El retrato nacional del informe USO
El estudio que ha hecho público USO en mayo de 2026 no es una encuesta política. Es un sondeo de percepción económica con base muestral de 1.017 entrevistas y trabajo de campo entre el 10 y el 16 de marzo de 2026. Su valor no está en titulares de impacto sino en cuatro hallazgos concretos que conviene retener para entender después lo que ocurre en Gijón:
- El empobrecimiento real bajo apariencia de subidas salariales. Aunque los salarios nominales han subido, la percepción mayoritaria es de pérdida de poder adquisitivo: la inflación acumulada, los costes de vivienda y los gastos básicos se han comido el aumento.
- La brecha generacional. Los mayores de 55 años son los que menos han mejorado su situación: apenas un 15% percibe haber ganado poder adquisitivo en los últimos años. Es el dato clave para territorios envejecidos.
- El endeudamiento del Norte. Pese a tener salarios medios más altos que la media nacional, casi un 30% de los trabajadores del Norte ha tenido que recurrir a crédito para cubrir gastos corrientes. Buenos rendimientos salariales conviven con angustia financiera real.
- La desconexión entre beneficios empresariales y salarios. Una mayoría amplia percibe que los beneficios de las empresas han crecido sin trasladarse a los sueldos.
Estos cuatro vectores describen una economía estatal donde la apariencia macroeconómica (PIB, empleo, salarios nominales) y la experiencia subjetiva del ciudadano divergen de forma medible. El sindicato lo plantea como un problema de Estado. La cuestión que este artículo se propone es otra: ¿qué pasa cuando esa España agotada se aplica a una ciudad concreta, y la ciudad concreta es Gijón?
El chasis demográfico de Gijón: la 4ª ciudad más envejecida de España
Cualquier análisis económico aplicado a Gijón tiene que partir de un dato estructural que rara vez aparece en los debates municipales: el 26,9% de los habitantes de Gijón tiene más de 64 años, según datos del INE. Esto coloca al concejo, en su categoría de ciudades de más de 50.000 habitantes, en la cuarta posición nacional por envejecimiento. Solo tres ciudades españolas con esa escala poblacional están por encima.
Sobre una población empadronada en torno a las 270.000 personas en 2024, esa proporción significa que aproximadamente 72.000 gijoneses son mayores de 64 años. No es una bolsa marginal. Es más de un cuarto de la ciudad.
El dato se agrava cuando se mira la composición de hogares. Asturias es la comunidad autónoma con mayor proporción de hogares unipersonales de España, con el 28,4% del total según los últimos datos publicados; y dentro de Asturias, Gijón concentra una parte muy significativa de ese fenómeno. Las cifras del Principado calculan que más de 65.000 personas mayores de 65 años viven solas en Asturias, y la lectura territorial sitúa al área central —Gijón, Oviedo, Avilés— como el epicentro absoluto de hogares unipersonales de personas mayores.

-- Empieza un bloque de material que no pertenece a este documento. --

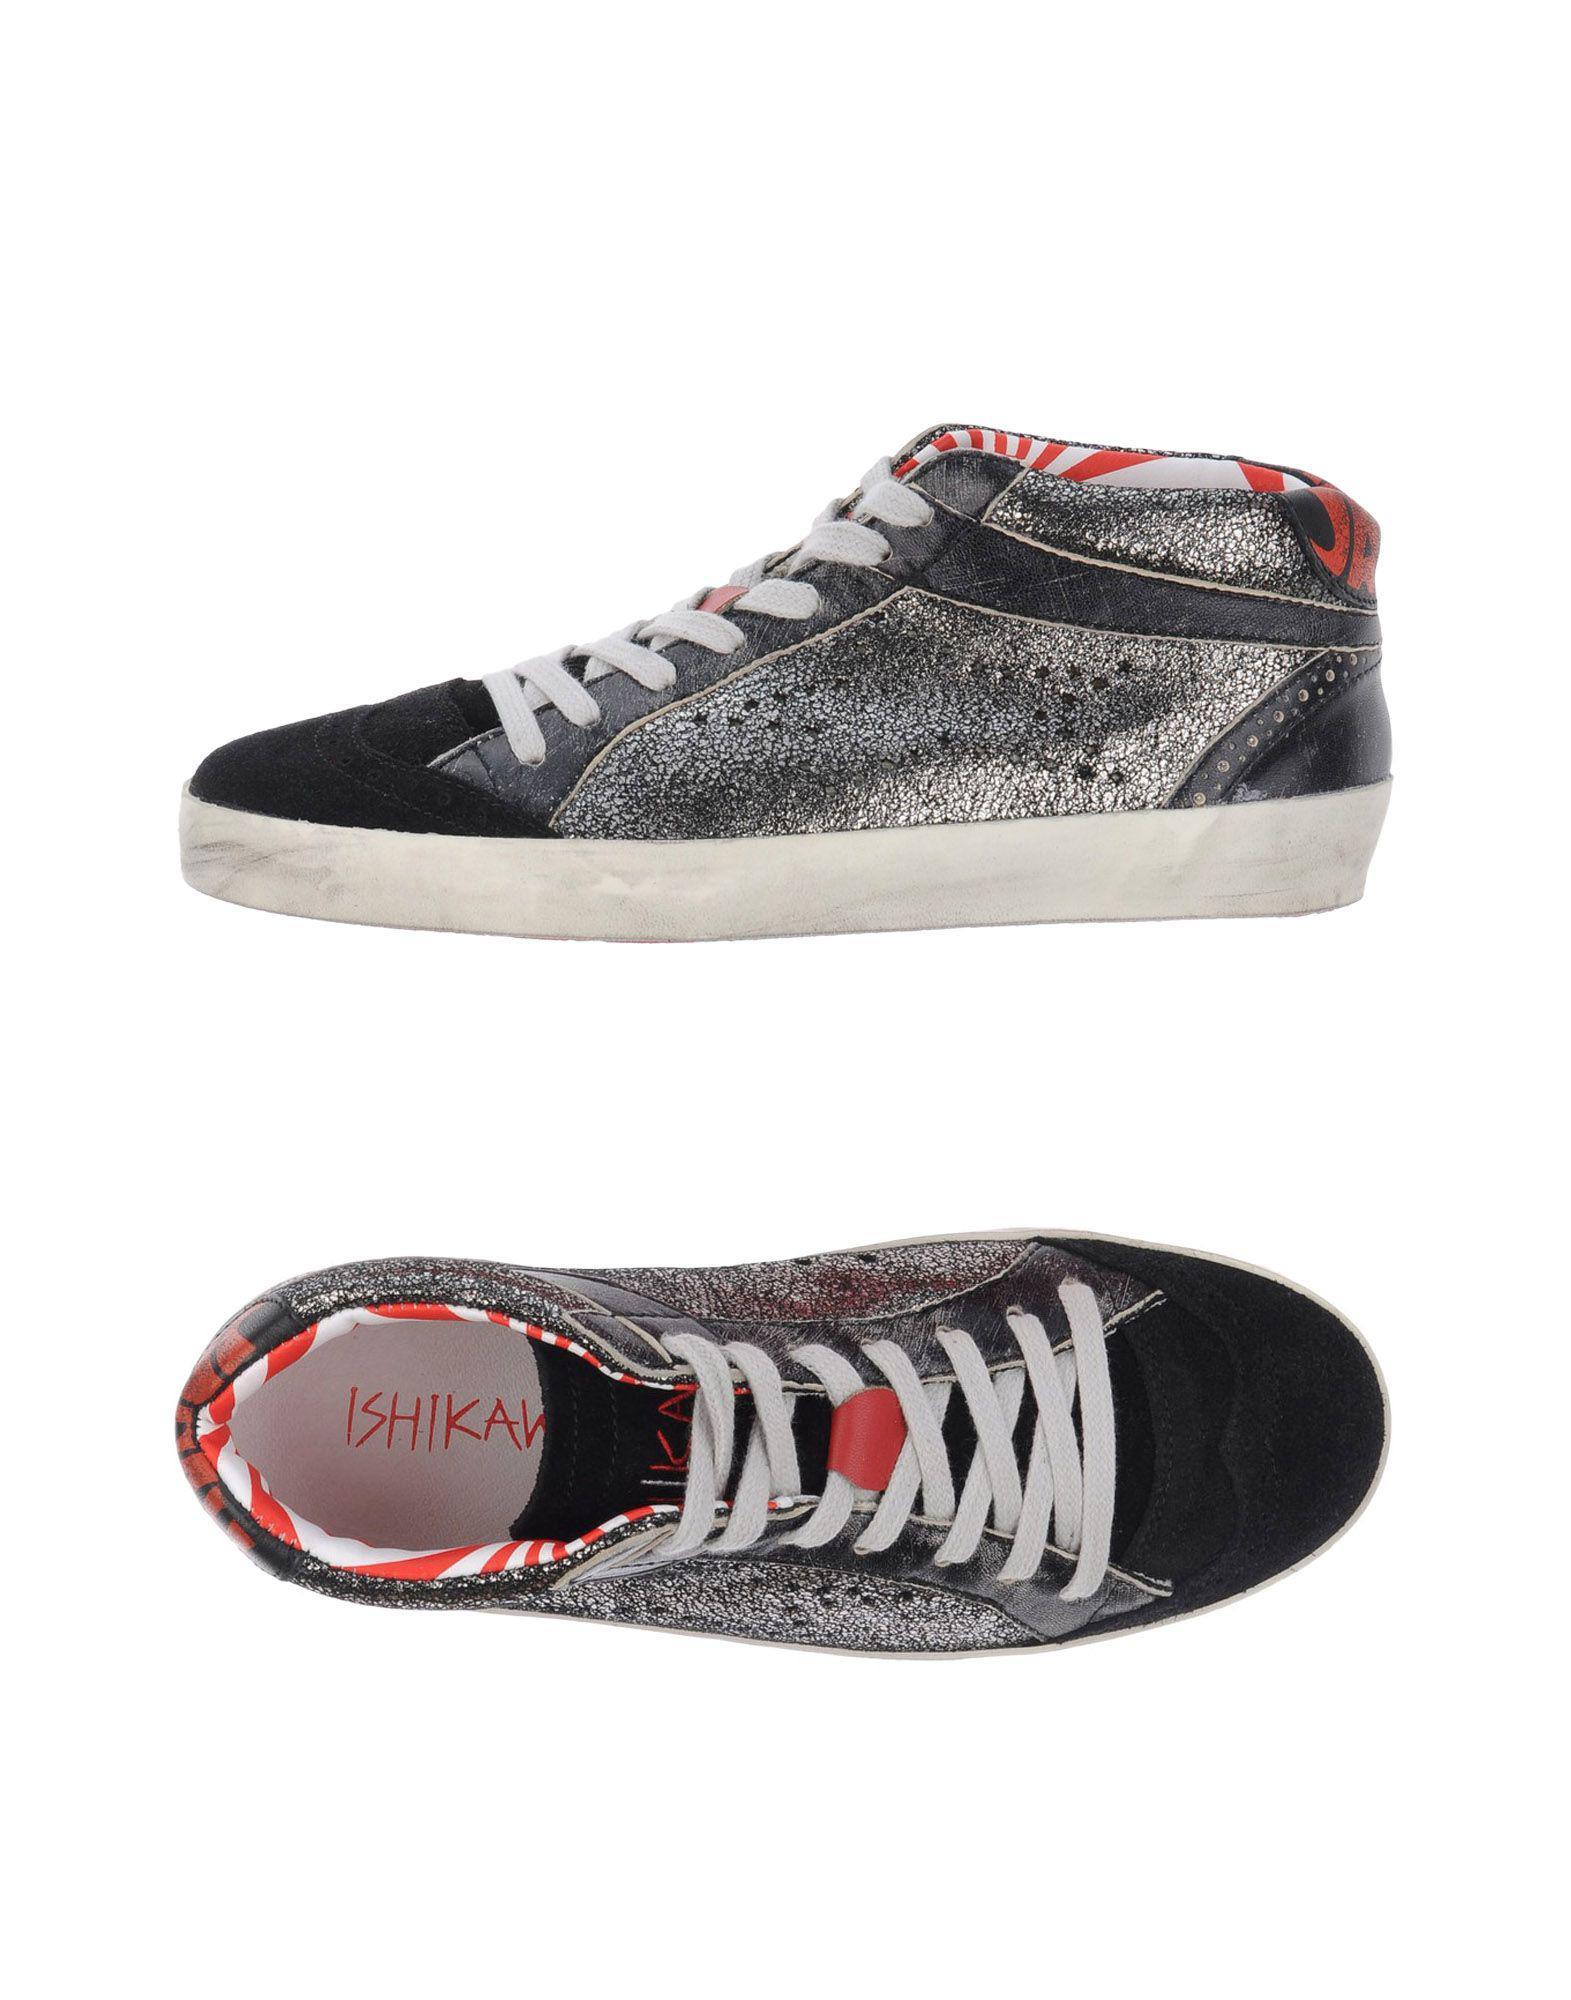 Ishikawa Bas-tops Et Chaussures De Sport Y5bq1x

Dentro del fenómeno hay una brecha de género contundente. En Gijón, entre quienes viven solos siendo mayores, el 80,88% son mujeres y solo el 19,11% son hombres. Esto no es anecdótico: significa que las políticas municipales de envejecimiento, soledad y dependencia están, en la práctica, dirigidas a un colectivo abrumadoramente femenino, viudo y con pensiones medias inferiores a las masculinas.
Lo que el informe USO añade al diagnóstico gijonés
Aquí es donde el estudio nacional empieza a tener mordida local. Si los mayores de 55 años son a escala nacional el segmento que menos ha mejorado, y si Gijón tiene casi un 27% de mayores de 64 años, la consecuencia es aritmética: buena parte de la ciudad pertenece al grupo demográfico que el informe USO retrata como el más castigado por la evolución económica reciente.

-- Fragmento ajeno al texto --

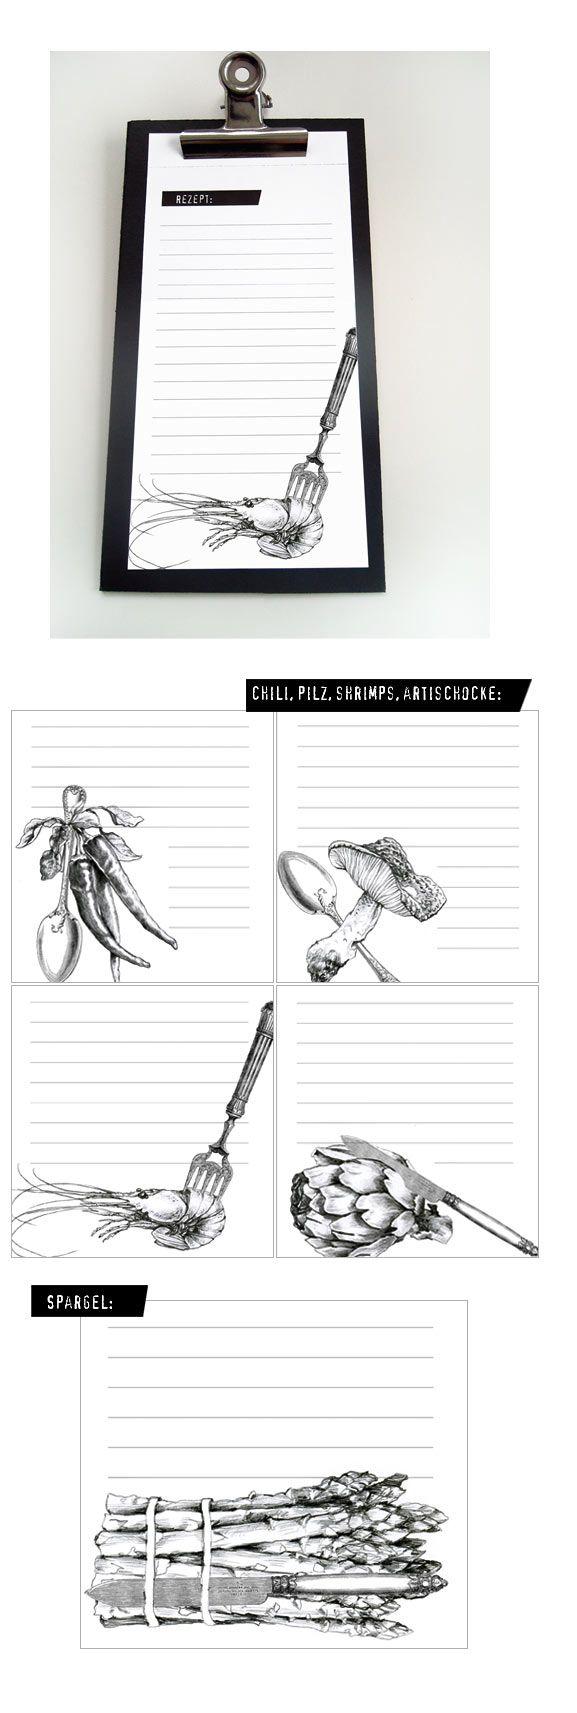 Best 45 Diy - Kochbuch ideas on Pinterest   Kochbuch, Bastelei und ...

El dato del Norte es todavía más incómodo. Asturias tiene salarios medios por encima de la media estatal —la región se sitúa en la novena posición nacional—, pero esos rendimientos coexisten con un endeudamiento alto: casi un 30% de los trabajadores del Norte ha recurrido a crédito para cubrir gastos corrientes. Esa disonancia entre nómina aparente y bolsillo real es la que mejor describe la situación de los pensionistas gijoneses, que perciben prestaciones medias razonables en el contexto español pero soportan unos costes de vivienda, suministros y servicios sanitarios privados (audífonos, gafas, podología, fisioterapia, residencias) que han crecido muy por encima del IPC.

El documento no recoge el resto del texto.